Movie Review: The Bourne Legacy

Published September 14, 2012

Tony Gilroy, takes the helm in the next chapter of the hugely popular espionage franchise that has earned almost $1 billion at the global box office: "The Bourne Legacy". — Courtesy Photo

A super-soldier on the run! Man, the headline is going to look bad on the news.

“We are morally indefensible and absolutely necessary”, validates Edward Norton to his group of tech-flunkies in a scene in “The Bourne Legacy”.

Norton, who is mostly confined to darkened offices and low-keyed war-rooms, slides in and out of the very pretzel-y narrative of Legacy — the new spin-off, running near and parallel, of the “Bourne” trilogy that co-stared Matt Damon, visual kinesis and Disneyland-ride worthy narrative corkscrews.

Norton plays Eric Byer, a new corporate-minded head of super-secret government project — which we later learn, breeds fresh a new type of near-indestructible mission specific, no-question-asking agents. And while he may say things that sound morally weighty, we can see, sometimes rather plainly on Norton’s expression that he doesn’t really believe in the saintliness of his own words. To his character, the words may just be a part of his day-job.

Byer’s other significant task is tailoring. He snips-off loose ends and human-lives (meaning Black assets and missions) with a nearly invisible sigh.

Legacy’s agent on-the-run (part of Eric Byer’s snipping) is Aaron Cross – but while you may not remember his name, because Damon’s “Jason Bourne” and his still-lingering ghost rules most of original running time.

Regardless of missing ghosts, Cross is the new magnet transfixing most of the hovering story-slots in place.

As the story gradually starts making sense, we learn that Cross is part of project Outcome, a program both like and unlike the Bourne-producing Treadstone project (whose snippets – which include cameos by David Strathairn, Joan Allen and Albert Finney – are, again, nicked by Norton and co.).

Cross is the new Captain America — or his nearest and more realistic super-heroic equal. He can out-fight, outrun and outthink mean mercenaries. As an unwilling action hero, Cross gets lots of chances to test-drive his skill-set during the film’s two-hour sprint across the globe — and especially during the brawny, kinematic climax in Manila.

However, when we first meet Cross, he has a half-grown beard to save some of his face from the brazenness of perpetual Alaskan winter.

Running from the elements, and a pack of hounding wolves (which he himself accepts is unnatural), Cross makes his way to a secluded cabin in the woods where an agent, Number Three(Oscar Isaac),is ghettoized for insubordination. We discover two things here: Number Three is thrown here because he fell in love; and that Cross asks a lot of questions.

It is also in this brief moment here that co-writer (with Dan Gilroy)/director and chief Bourne “architect”, Tony Gilroy, takes a bit of breather from the howling franticness embedded in Bourne’s movie bloodline, before the movie revs-up its engine again.
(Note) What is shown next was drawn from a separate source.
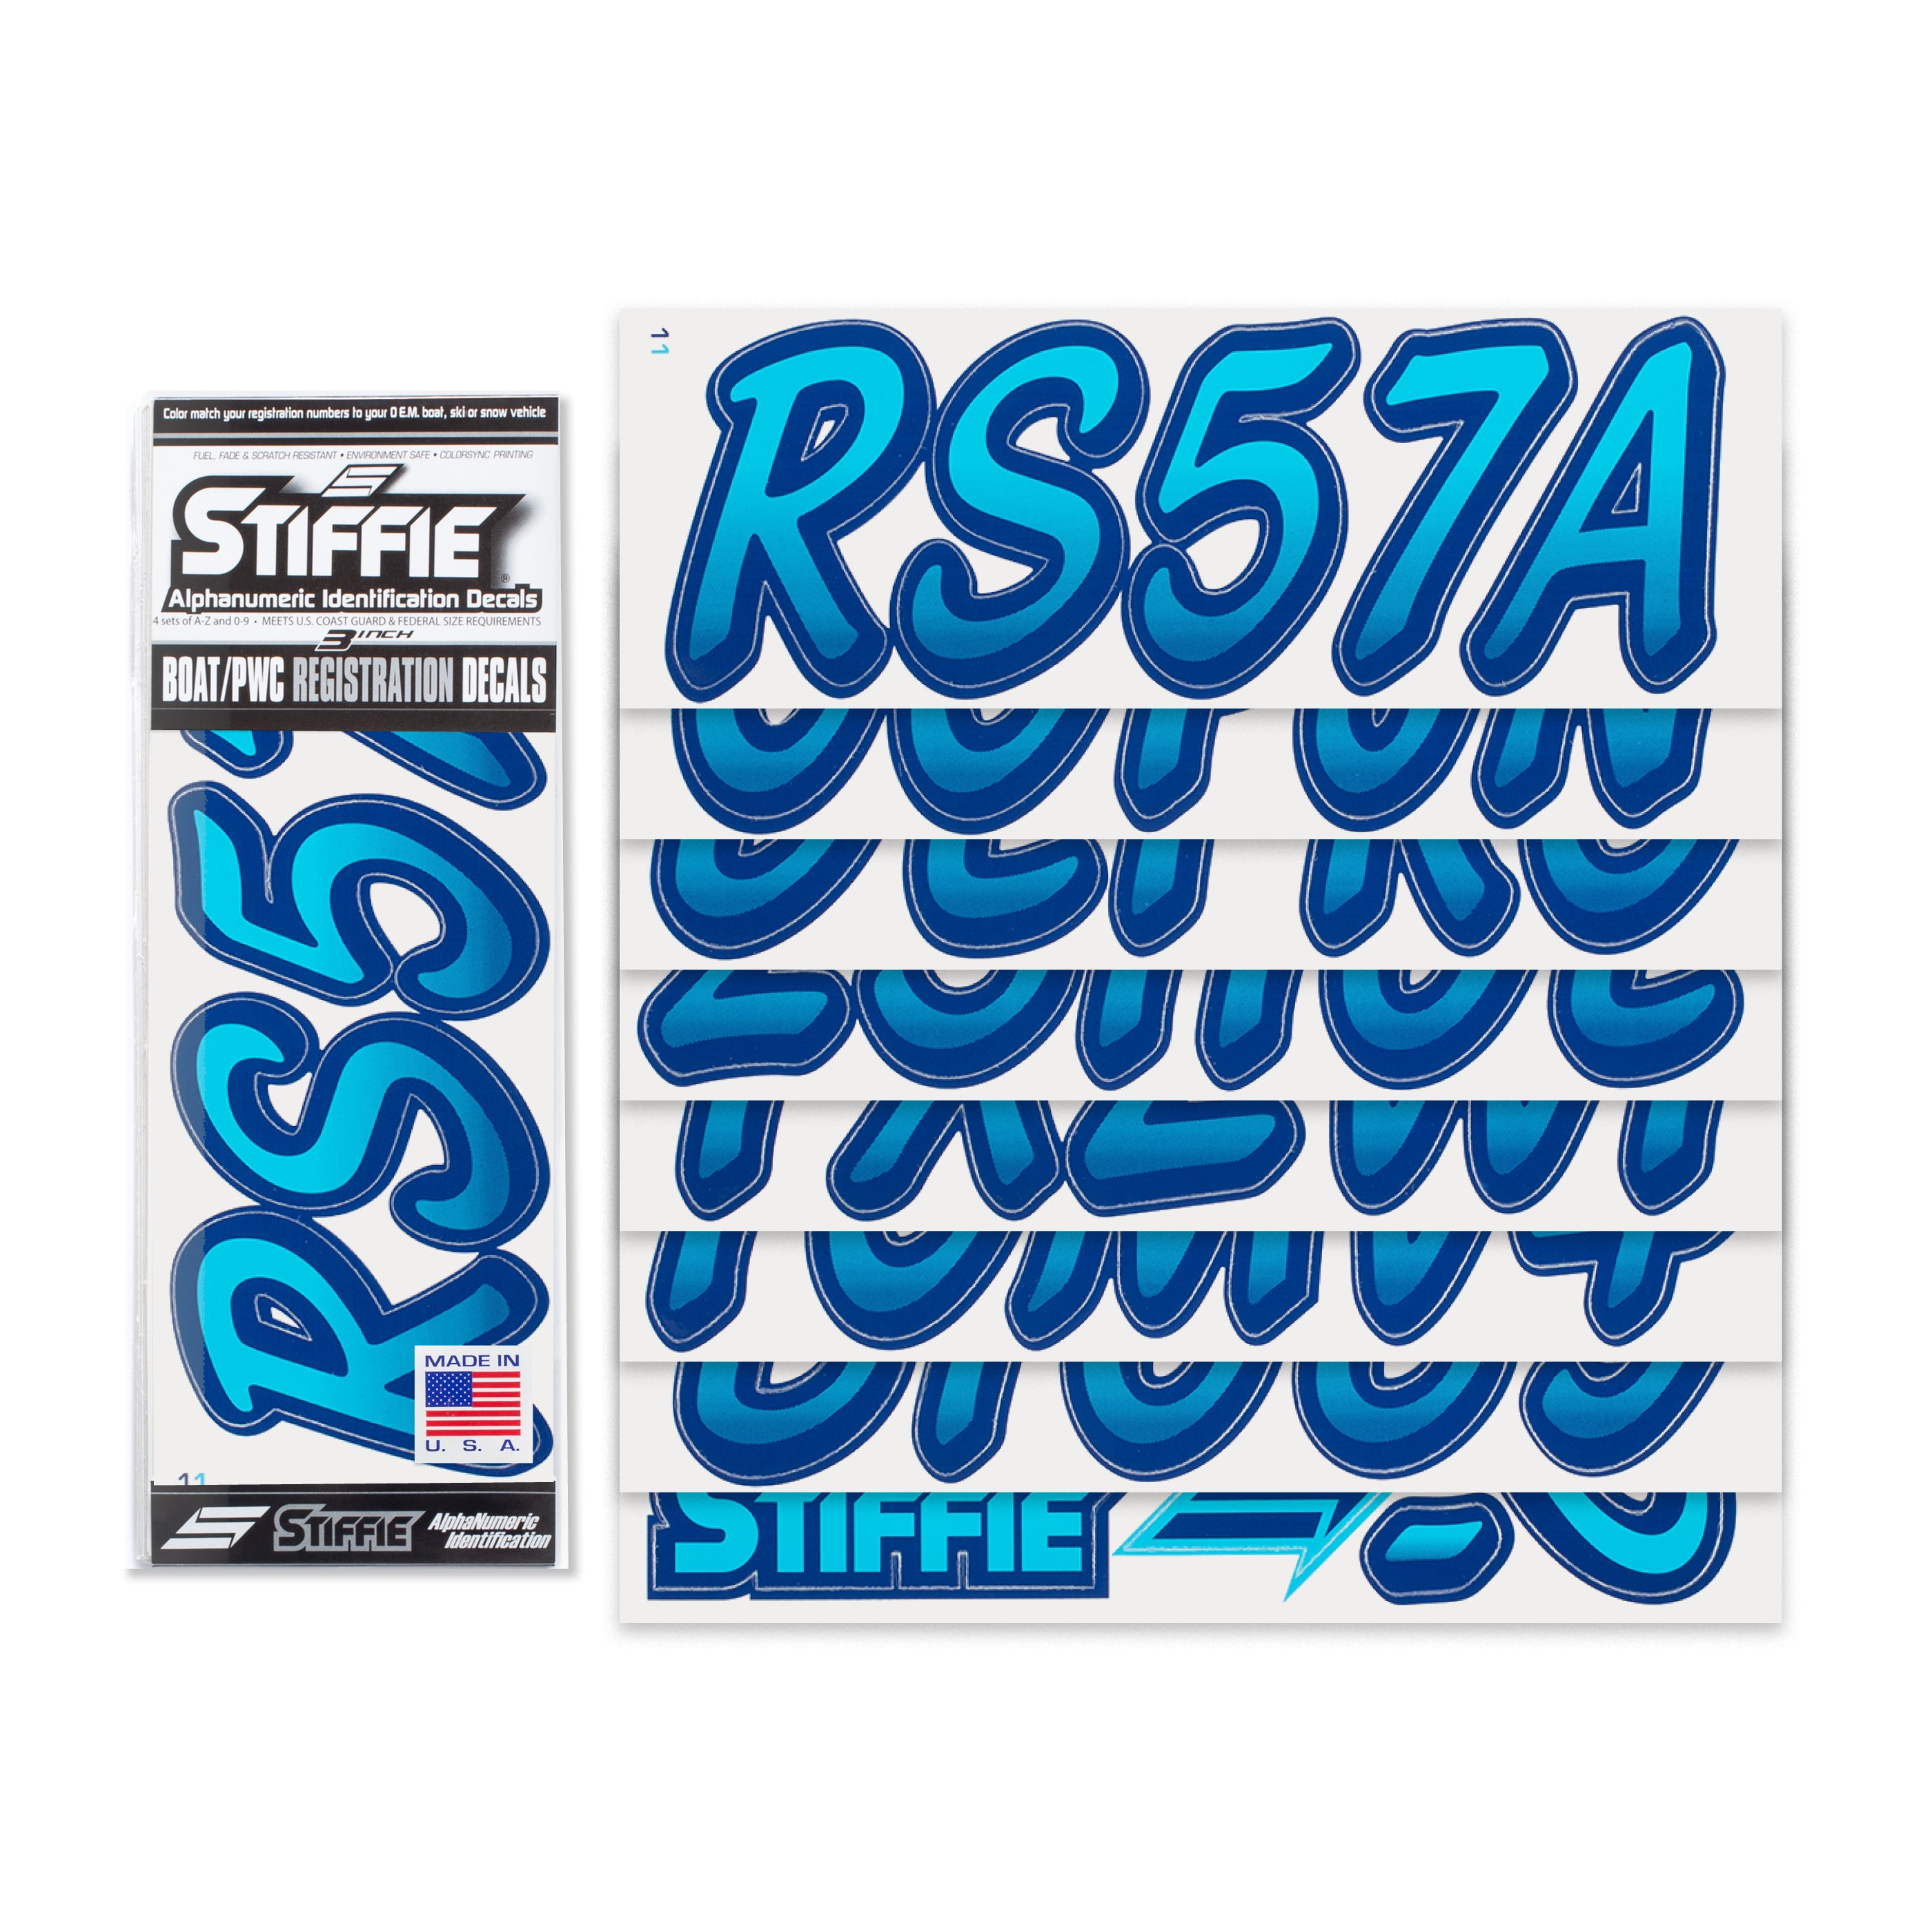 STIFFIE Whipline Sky Blue/Navy 3" Alpha-Numeric Registration Identification Numbers Stickers Decals for Boats & Personal Watercraft

Renner plays a different man than Damon. And while their objectives may be similar (meaning, staying alive), their progress couldn’t be more horizontal (well, apart from the running away and staying alive bit).

Renner’s Cross doesn’t want Treadstone, or Outcome. What he wants is super-soldier dope (of course, illegally created for nefarious government deeds), and the only doctor who can cook-up the formula is geneticist Marta Shearing (an effective, if ancillary Rachel Weisz).

As the film wounds up, she ends up running away from the government as well — and for now their relationship is held-back in building-block stages.

As they run, story-worthy momentousness is sidelined during the two-hours of this very urgently-paced movie. And still we are methodically mesmerized, flabbergasted, and intellectually hoodwinked into unconscious submission. Suddenly, and enigmatically, “hooked” becomes a less significant verb.